В этой комнате толстостенного бывшего купеческого особняка, похожего на крепостную башню с маленькими окнами-бойницами, возвышающегося над высоким забором, Быстров по решению Ревкома начал работать председателем городской чрезвычайной комиссии с первых дней освобождения Ижевска от колчаковцев. Тогда ему было сорок. Недавно перевалило за пятьдесят. В борьбе с белобандитским охвостьем, с саботажниками и вредителями всех мастей пролетело время. Сколько больших и малых событий было на его пути! Однажды раненый Быстров с группой красноармейцев-разведчиков попал в плен к махновцам. На допросах красноармейцы молчали. Их били, а потом бросили в подвал. На рассвете следующего дня сам батько Махно распорядился поставить их к глинобитной стене украинской хаты. В ушах до сих пор звенит короткая команда: «Пли!» У Быстрова по спине стекает холодный пот. Не хотелось умирать так нелепо. В честном бою — другое дело, а тут… Им, даже безоружным, не позволили побыть со смертью с глазу на глаз, они стояли спиной к строю карателей. Пули выше головы сверлят стену, разбрызгивая фонтаны едкой пыли, запорашивающей глаза. Каратели ждали: не дрогнут ли? Не запросят ли пощады? Это было невыносимо. Красноармейцы, как по команде, повернулись лицом к черным дулам винтовок, но пощады никто не запросил. Беспорядочно грохнули выстрелы второго залпа, потом все стихло. Когда кавалерийский отряд прискакал на помощь, они, обнявшись и плотно припав друг к другу, словно живые, шеренгой лежали на не просохшей от росы траве. Хоронить их вышло все село. До братской могилы оставалось всего несколько десятков шагов. И вдруг один из убитых шевельнулся, тронул рукой прострелянную грудь, тихо, но внятно сказал: «Врешь, не сдамся!»

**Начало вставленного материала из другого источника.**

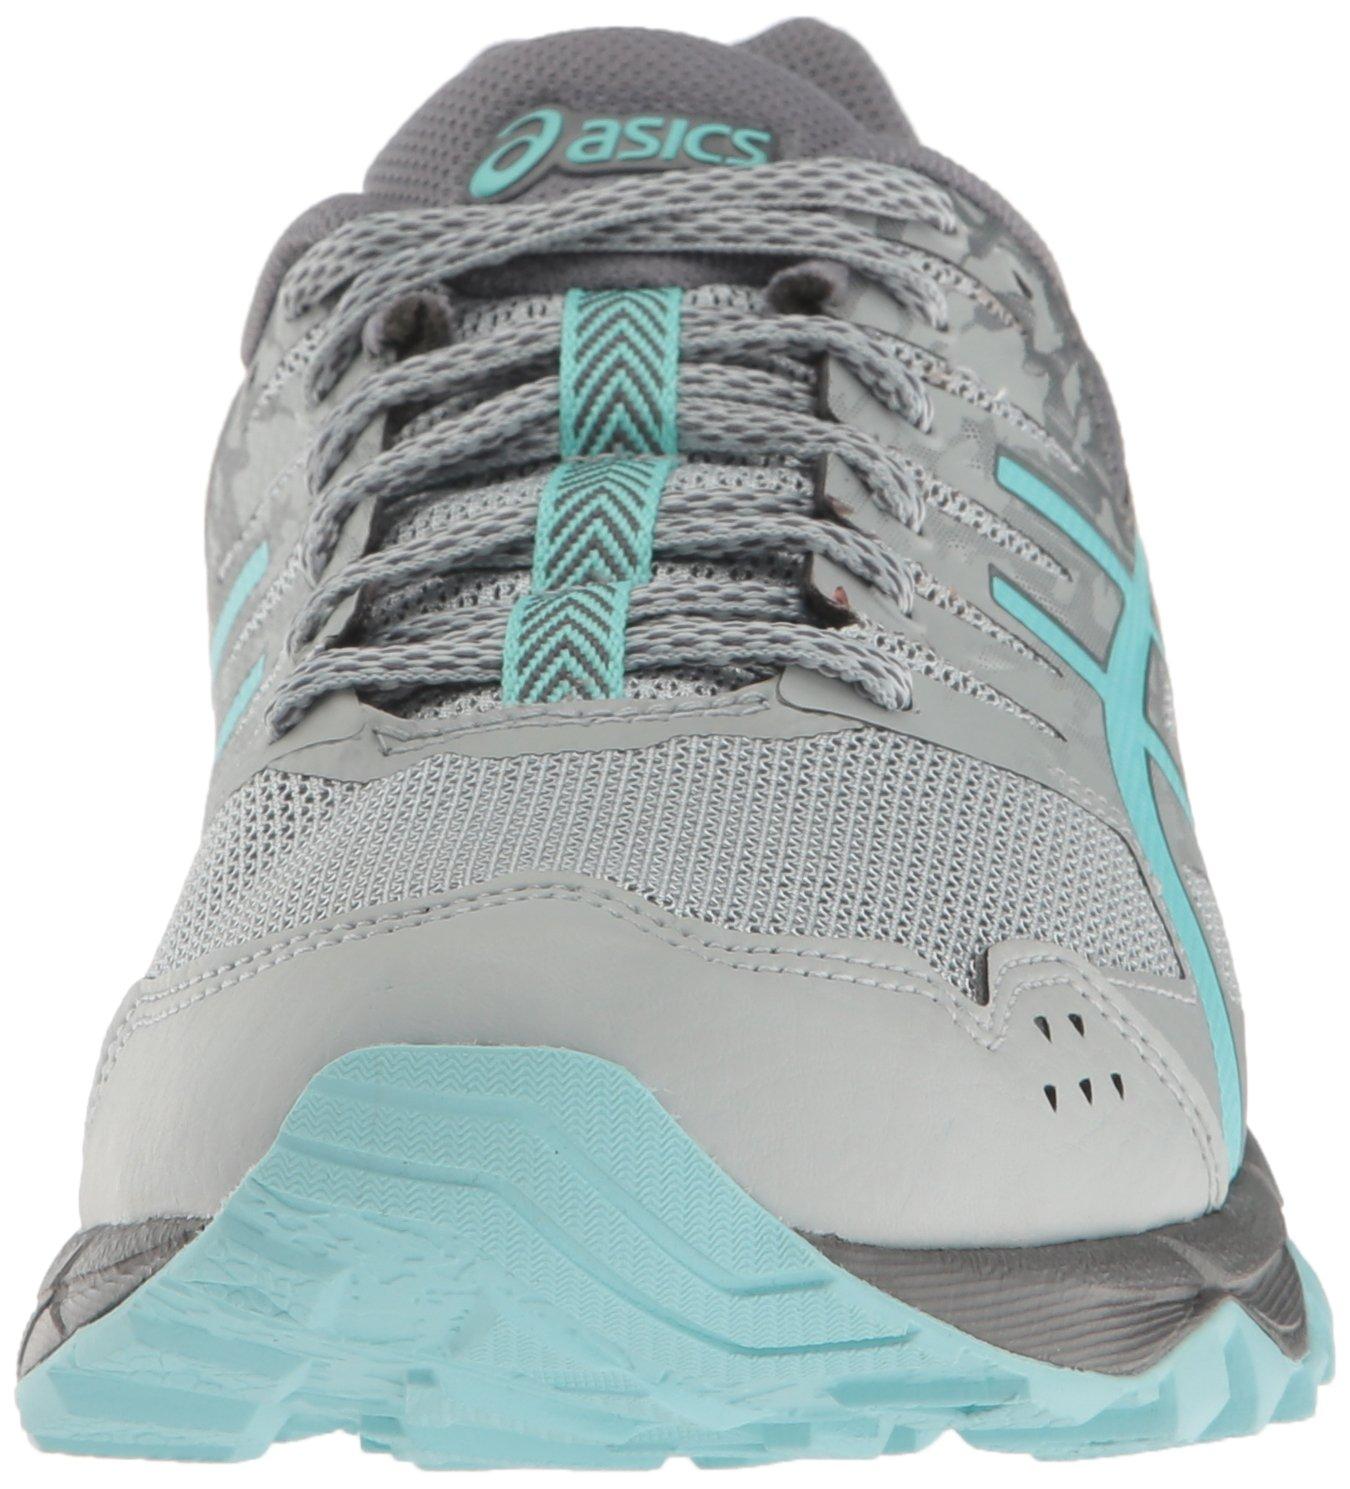 Zadní nohy GEL odpružení Systém  Zeslabuje šok při nárazu fáze a umožňuje  pro hladký přechod do středního stavu. 3a621a1501

Быстров подошел к книжному шкафу, но в отсвечивающих стеклах не увидел ни прежней своей стройной фигуры, ни вьющихся волос. Далеко умчалось огневое время гражданской войны. Меняются времена, меняются люди. Молодые, полные задора и неукротимой энергии парни приходят на службу, сменяя уходящих на отдых ветеранов. А он по-прежнему в строю. Порой ему кажется, что он все еще молод, если потребуется, не хуже, чем прежде, удержится в кавалерийском седле. Однако временами ноют к непогоде старые раны. Тогда Быстров длинной ладонью начинает утюжить лысеющую голову: это почему-то успокаивает, как лучшее обезболивающее средство. За молодыми угнаться трудно, он и не пытается, а вот передать им свой немалый опыт — для него задача номер один. Потому он нередко спрашивал себя: а все ли он делал так, как нужно? Не остался ли в долгу перед своей совестью? Быстров, вышагивая, между тем подумал о Ковалеве: поднатореет и этот, на все нужен срок. В душе соглашался с ним: пожалуй, парень-то прав насчет кулаков, борьба с ними не окончена. Многие затаились, действуют исподтишка. Попробуй-ка угадай, что у них на уме.

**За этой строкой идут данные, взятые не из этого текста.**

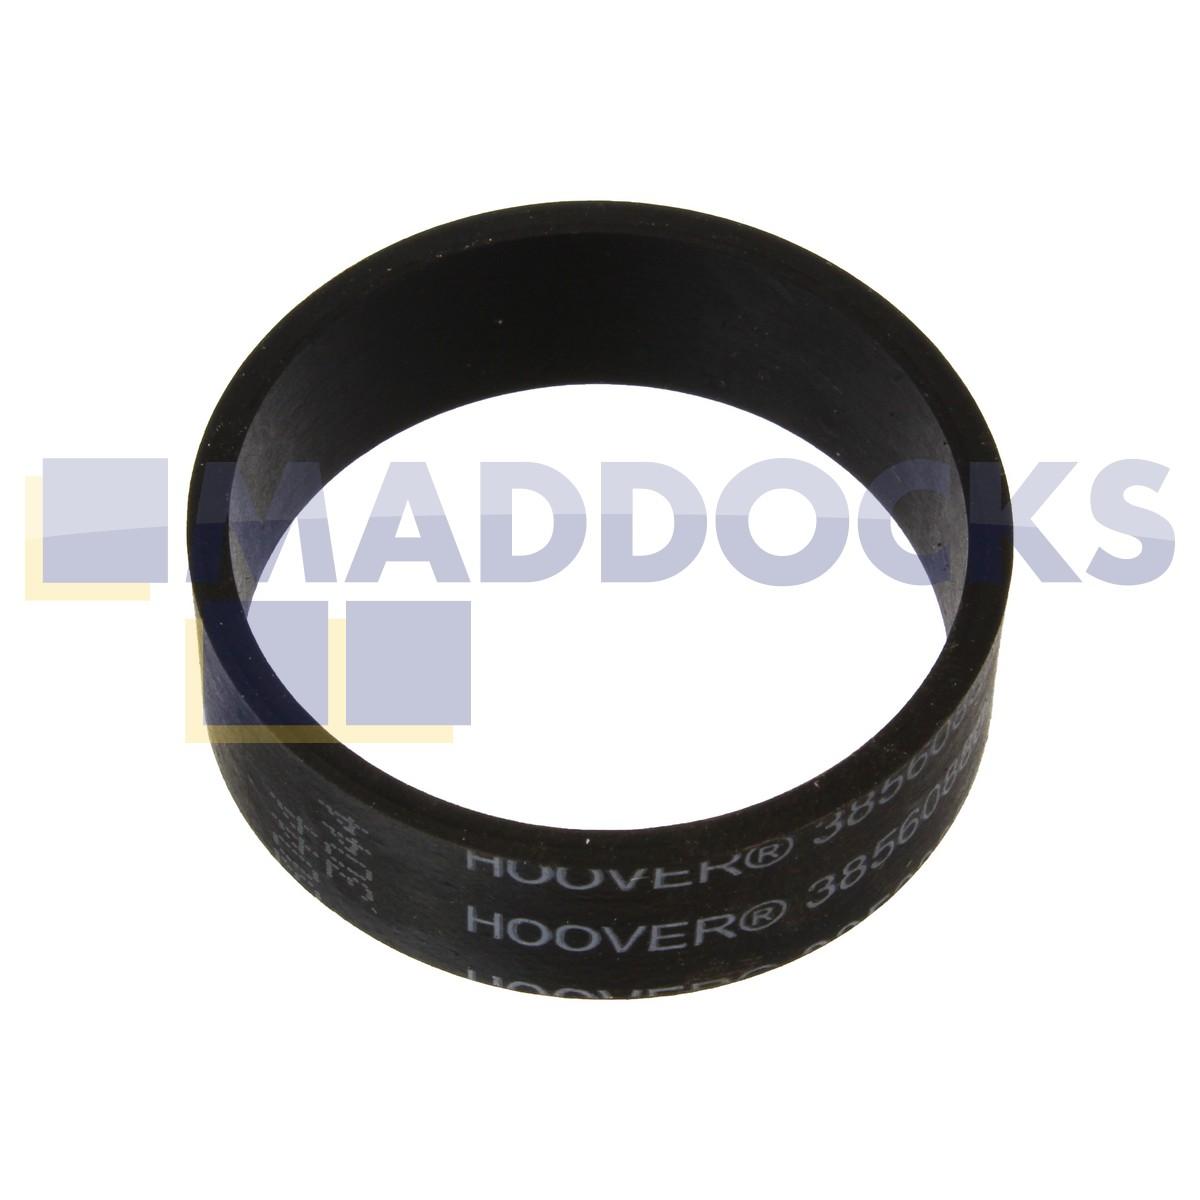 Hoover  GLOBE  V34  Vacuum Cleaner Drive Belt GENUINE

— Ну, не наломай дров, ступай, — наконец остановился начальник перед Ковалевым, Он проводил уполномоченного озабоченным взглядом.
Из спецшколы Ковалев приехал совсем недавно, не успел еще как следует прочувствовать всей сложности новой службы. И сразу — в большое дело. Кто знает, справится ли?.. Быстров, поймав себя на этой мысли, с досадой покачал головой: эко куда его повело! Зачем эти сомнения: ведь другого-то выхода все равно у него нет! Все до единого сотрудника в разъездах, каждый человек нагружен до предела и работает за двоих. Кабинеты пустуют, их хозяева, вот такие же точно парни, возможно, чуть-чуть постарше и поопытнее, без сна, неделями — кто в седле, кто пешком — мыкаются по районам и, как полномочные представители власти, то тут, то там восстанавливают нарушенную кем-то справедливость.
Раздался резкий звонок телефона. Быстров снял трубку.
— Слушаю, товарищ Чеков!
Звонил секретарь обкома.
…Обычной суетой встретила Ковалева Коммунальная улица, как только он вышел из здания. Когда-то давно впервые приехав в город с отцом, Димитрий очень удивился этой длинной-предлинной улице и запомнил ее. Тогда она называлась Базарной. По деревянной торцовой мостовой то и дело, как козлики, подпрыгивали маленькие легкие тарантасы, с краю дороги тянулись узкие дощатые тротуары, а по ним, гулко выстукивая каблуками, куда-то спешил народ. Тогда он впервые видел так много людей. Двухэтажные дома казались огромными, а сам город — бескрайним: ни обойти, ни объехать. Много воды утекло с тех пор, но по-прежнему стояли дома, которые уже не казались ему такими большими.